Homework 1

Due 2023 September 8

Report instructions

Please upload one PDF file to Gradescope (Entry code: K326P6).

For this homework you will implement code (on PrairieLearn) to perform statistical analysis of data, which is representative of analyzing simulation output. You specifically should implement functions that compute the mean value, the standard deviation, the auto-correlation time, and the standard error (please see PrairieLearn for details and instructions). For your report you will be asked to discuss a couple of specific problems related to your analysis.

Data set 1

Discuss the change in the estimated error of the mean, when you use only the first 500 data points to calculate the mean value.
Discuss the change in the standard deviation, when you only use the first 500 data points.
How would you expect these quantities to change as you gradually remove more and more data points from the data set (until only 500 are left)? Why?

Data set 2

Discuss the change in the error of the estimated mean when you include/exclude correlation.

Data set 3

Discuss where you would set the initial cutoff for this data set and why.
Discuss whether the difference between the two mean values (with and without cutoff) is significant and why.

Data set 4

A data set (download here) was sampled from the distribution $P (x) = b / (| x |^{a} + c)$ with $a = 2.2$ and $c = 1.0$ . The constant $b$ is determined by the normalization.

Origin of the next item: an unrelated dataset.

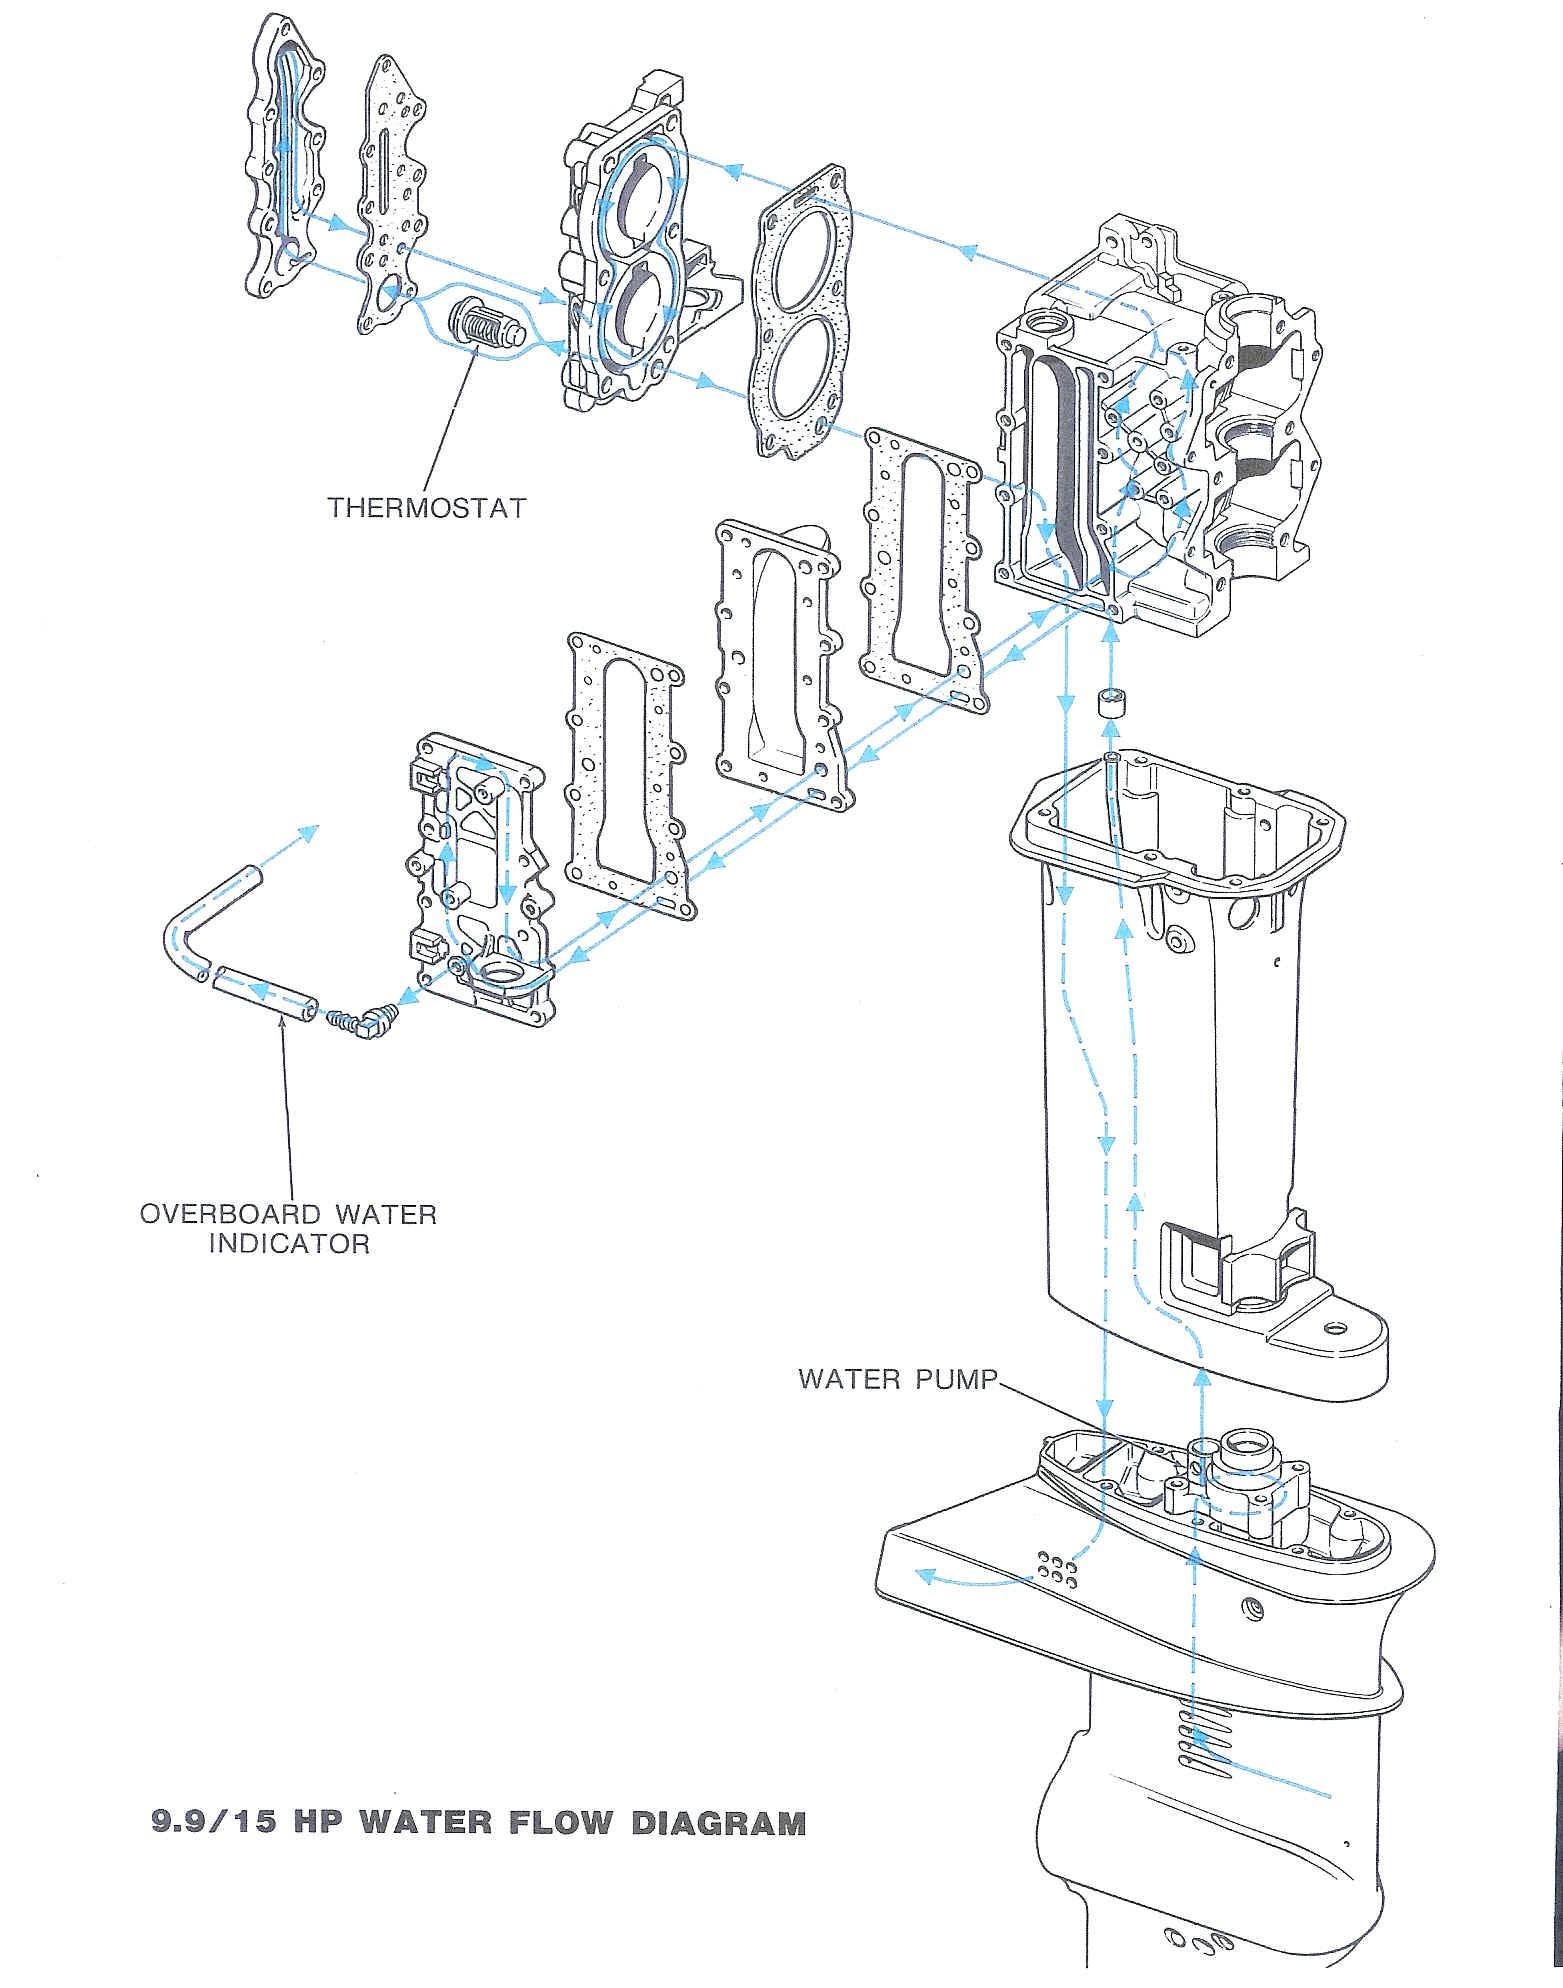 Jet Boat Engine Diagram Maintaining Johnson Evinrude 9 9 Part 1 Of Jet Boat Engine Diagram

Based on the analytic expression given above, what do you expect for the mean and why?
What do you expect for the variance? (Hint: For the variance, the behavior at large $x$ matters, so one can use an approximation for the denominator of the distribution function.)
Look at the convergence of the mean and $σ$ by computing these values for five “end cutoffs” from 1000 to 5000 (i.e., use data points 0–999, 0–1999, 0–2999, etc). Do the same for your data sets of the problems “Dataset 1: Mean value” and “Dataset 2: Autocorrelation time” on PrairieLearn and compare the convergence behavior!

Central Limit Theorem

Given a population with a mean $μ$ and a finite, non-zero variance $σ$ , the sampling distribution of the mean approaches a normal distribution with a mean of $μ$ and a variance of $σ^{'}$ = $σ / (N - 1)$ as $N$ , the sample size, increases.

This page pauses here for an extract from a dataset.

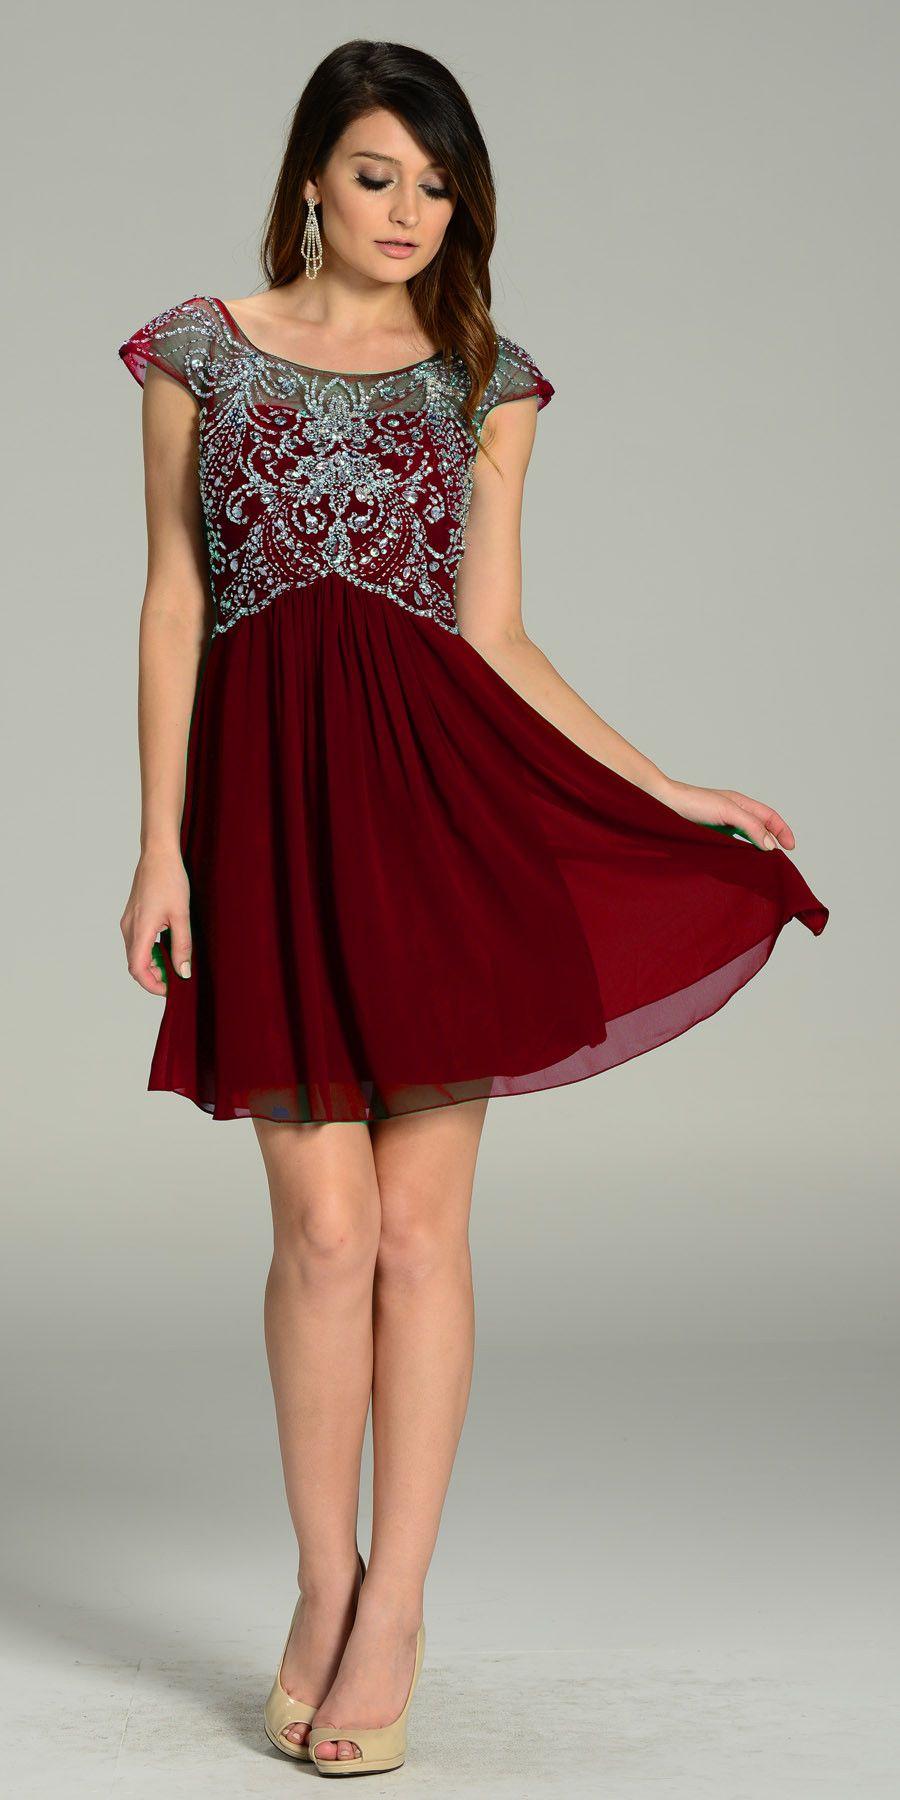 Short Chiffon/Mesh Cap Sleeve Dress Blush Empire Waist

This is the Central Limit Theorem and implies that the estimated mean approaches a Gaussian distribution as more points are used.

Now suppose you have you have 2 versions $A$ and $B$ of a code that you’re debugging. You run each code 6 times to try to determine if they give the same answers. This yields: $A = {1.12, 1.52, 1.33, 1.09, 1.20, 1.26}$ $B = {1.44, 1.34, 1.19, 1.13, 1.56, 1.45}$

Compute the mean, variance, and the estimate of the error of the mean for $A$ and $B$ separately, assuming each run is uncorrelated with the others and report these results.
Show that the probability that the two runs are (NOT) drawn from the same distribution is about 29% (71%).

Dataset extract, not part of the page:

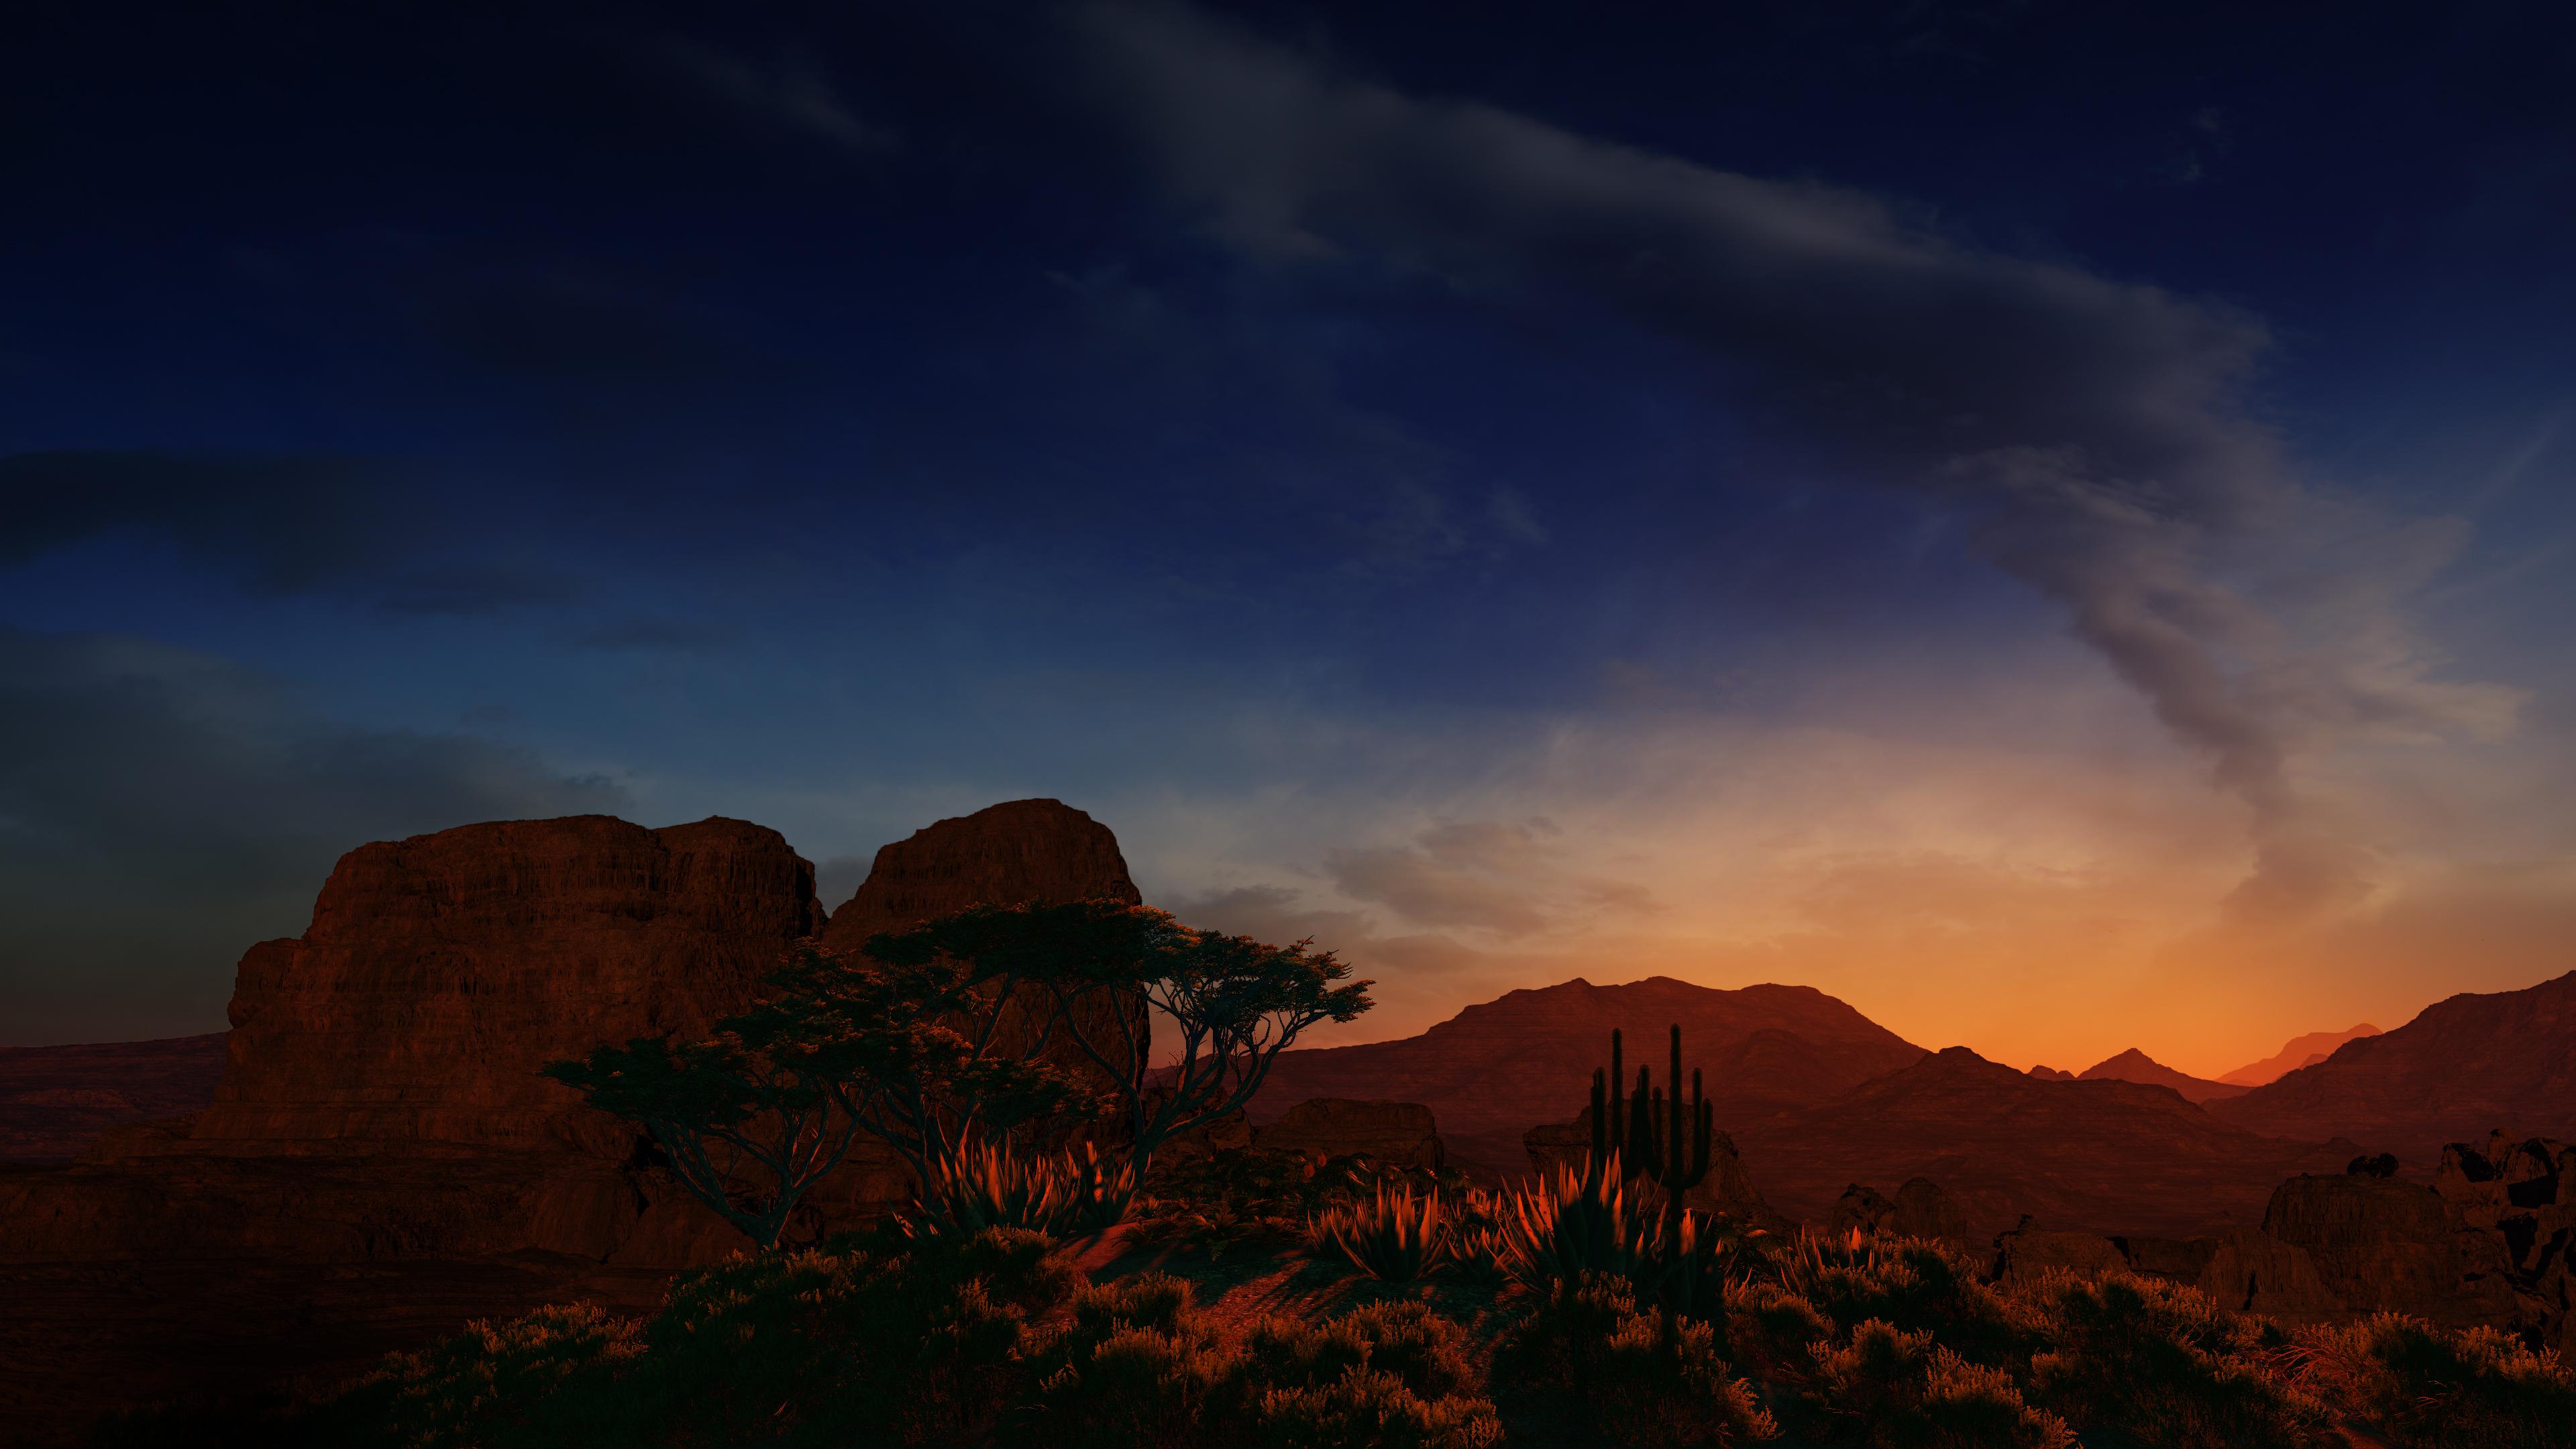 Arizona Sunset 4K

To do this, first find how many standard deviations the difference is from zero; do this by dividing the “estimate of the difference” by the “estimate of the error of the difference.” From this number determine the probability that the two are from the same distribution using a Normal Standard Probability Distribution Table (often referred to as $P (0, x)$ or the Error Function $erfc (x / \sqrt{2})$ ). A detailed explanation of how to do this can be found here/PDF.